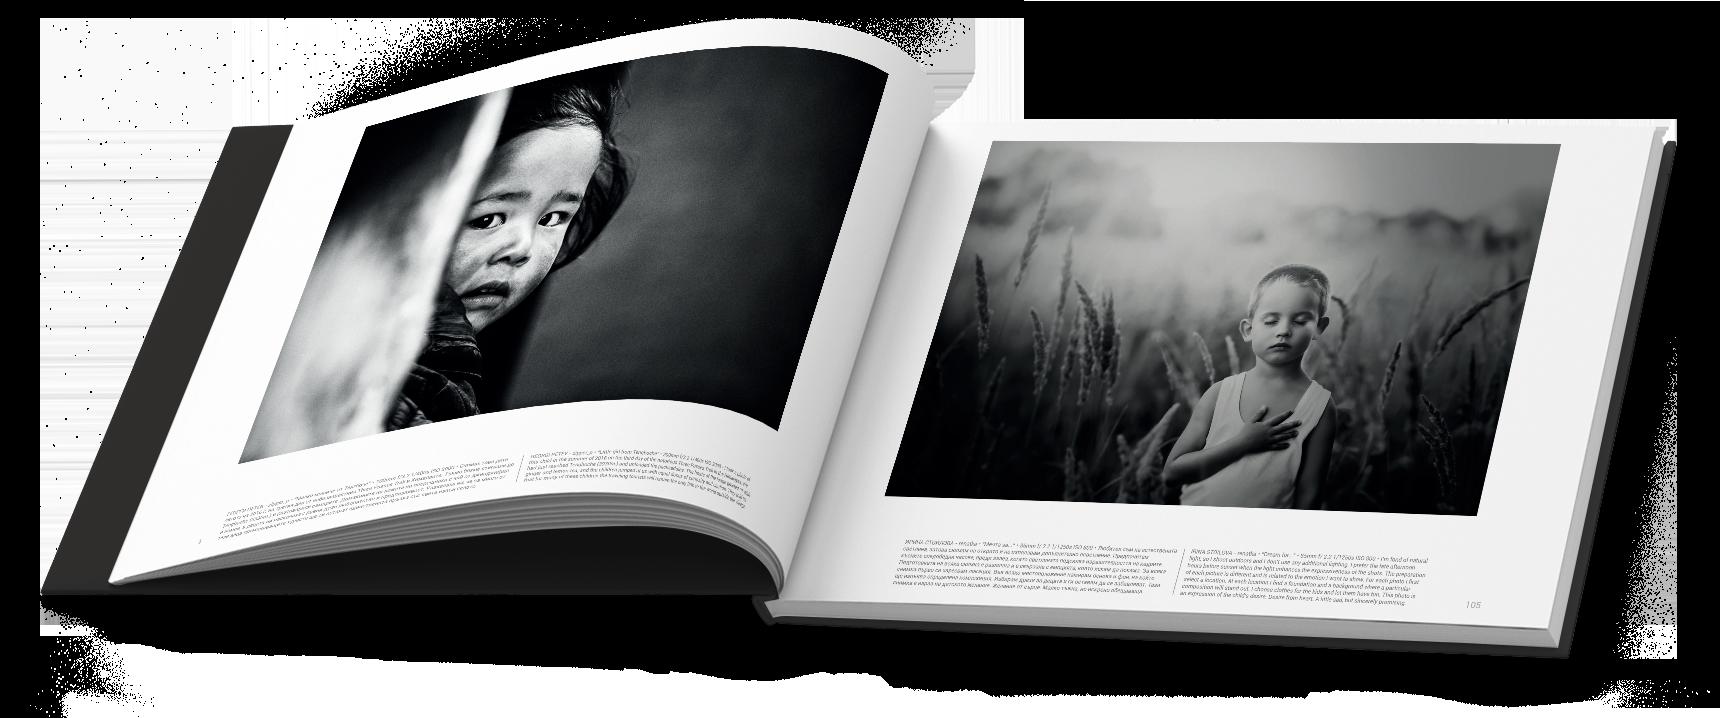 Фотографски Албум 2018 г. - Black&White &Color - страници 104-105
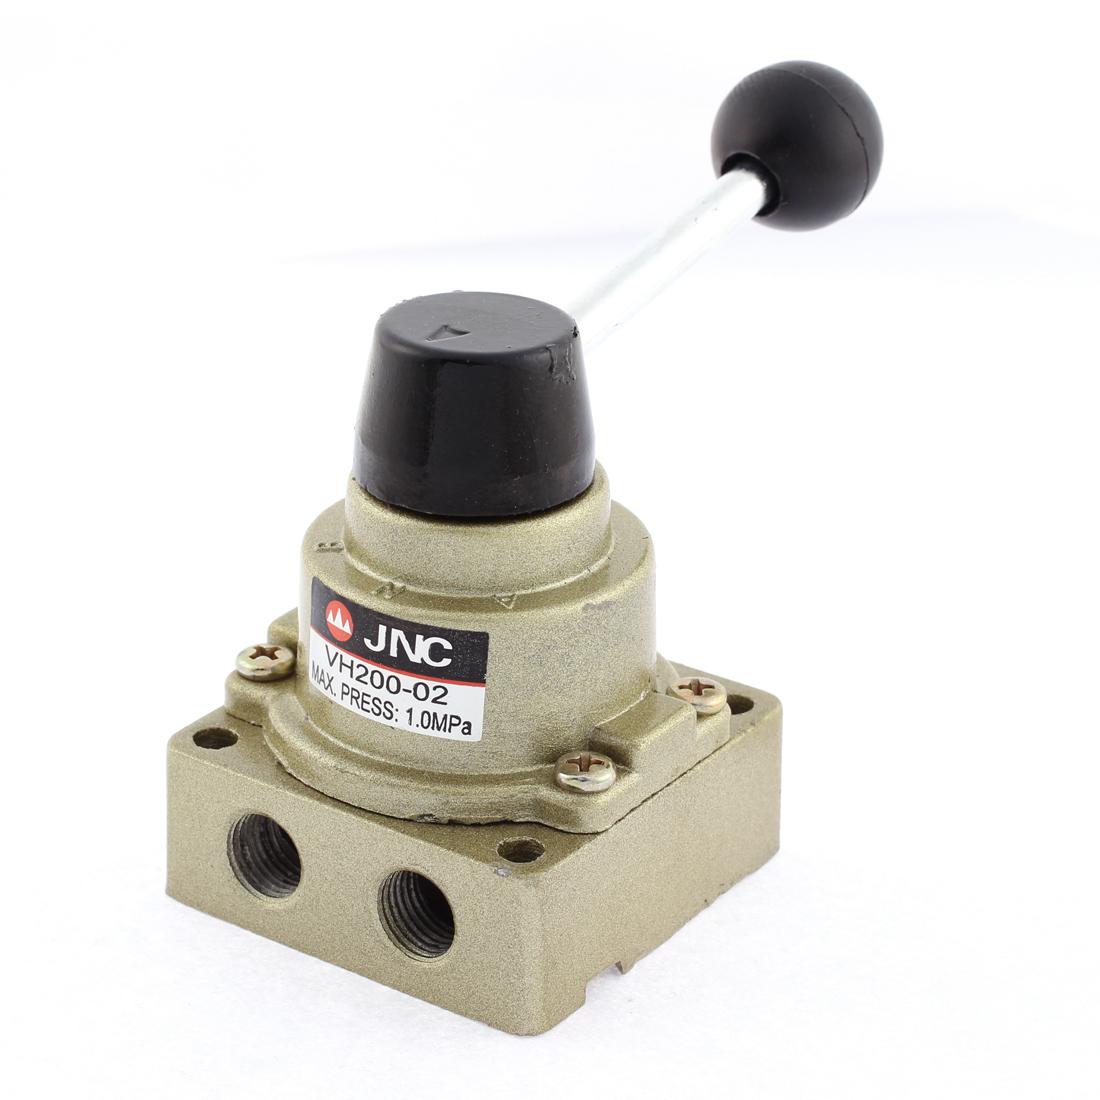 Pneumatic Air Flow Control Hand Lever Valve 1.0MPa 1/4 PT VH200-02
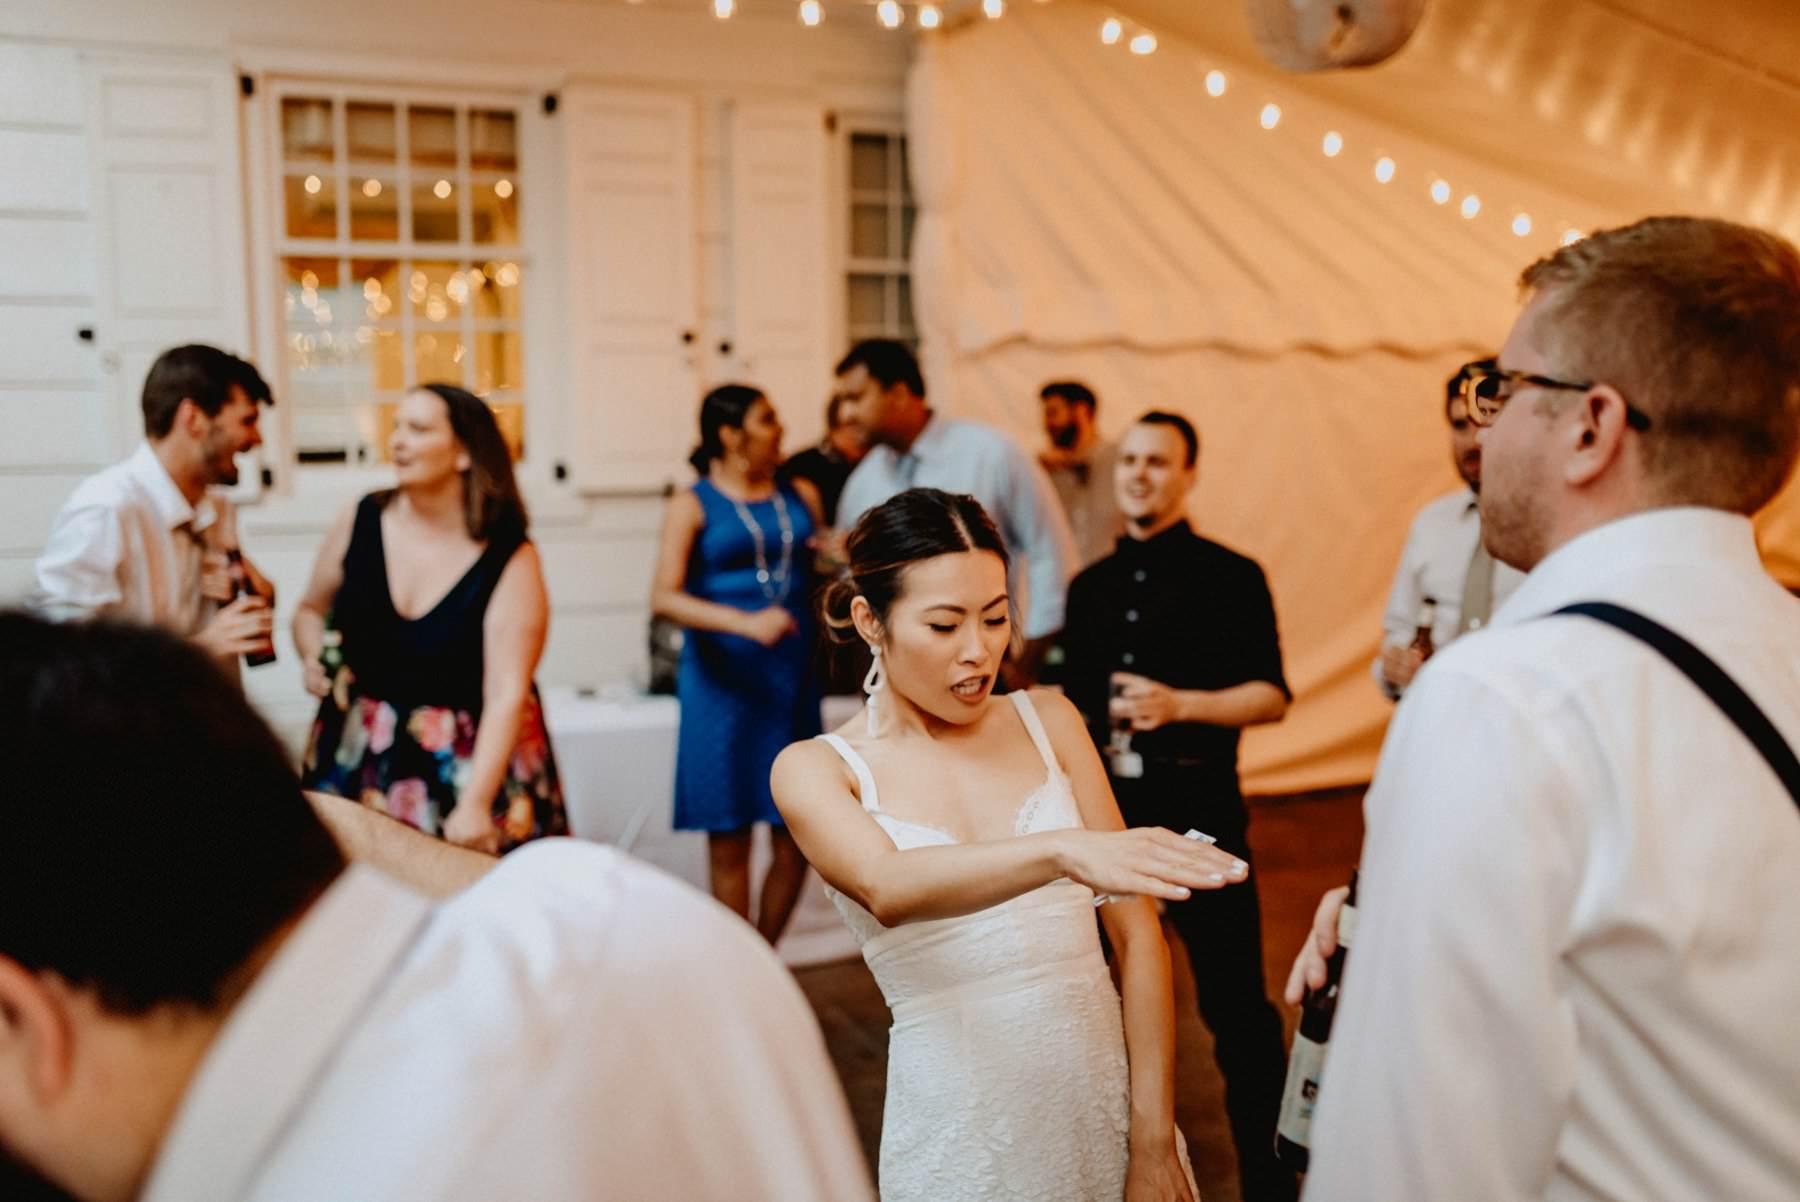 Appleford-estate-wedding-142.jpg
□ □ □ □
PROBLEM TO SOLVE: Retype the full listing above precisely. Exclude each picture you find in it.

ANSWER SECTION:
 Фотографски Албум 2018 г. - Black&White &Color - страници 104-105
 Pneumatic Air Flow Control Hand Lever Valve 1.0MPa 1/4 PT VH200-02
 Appleford-estate-wedding-142.jpg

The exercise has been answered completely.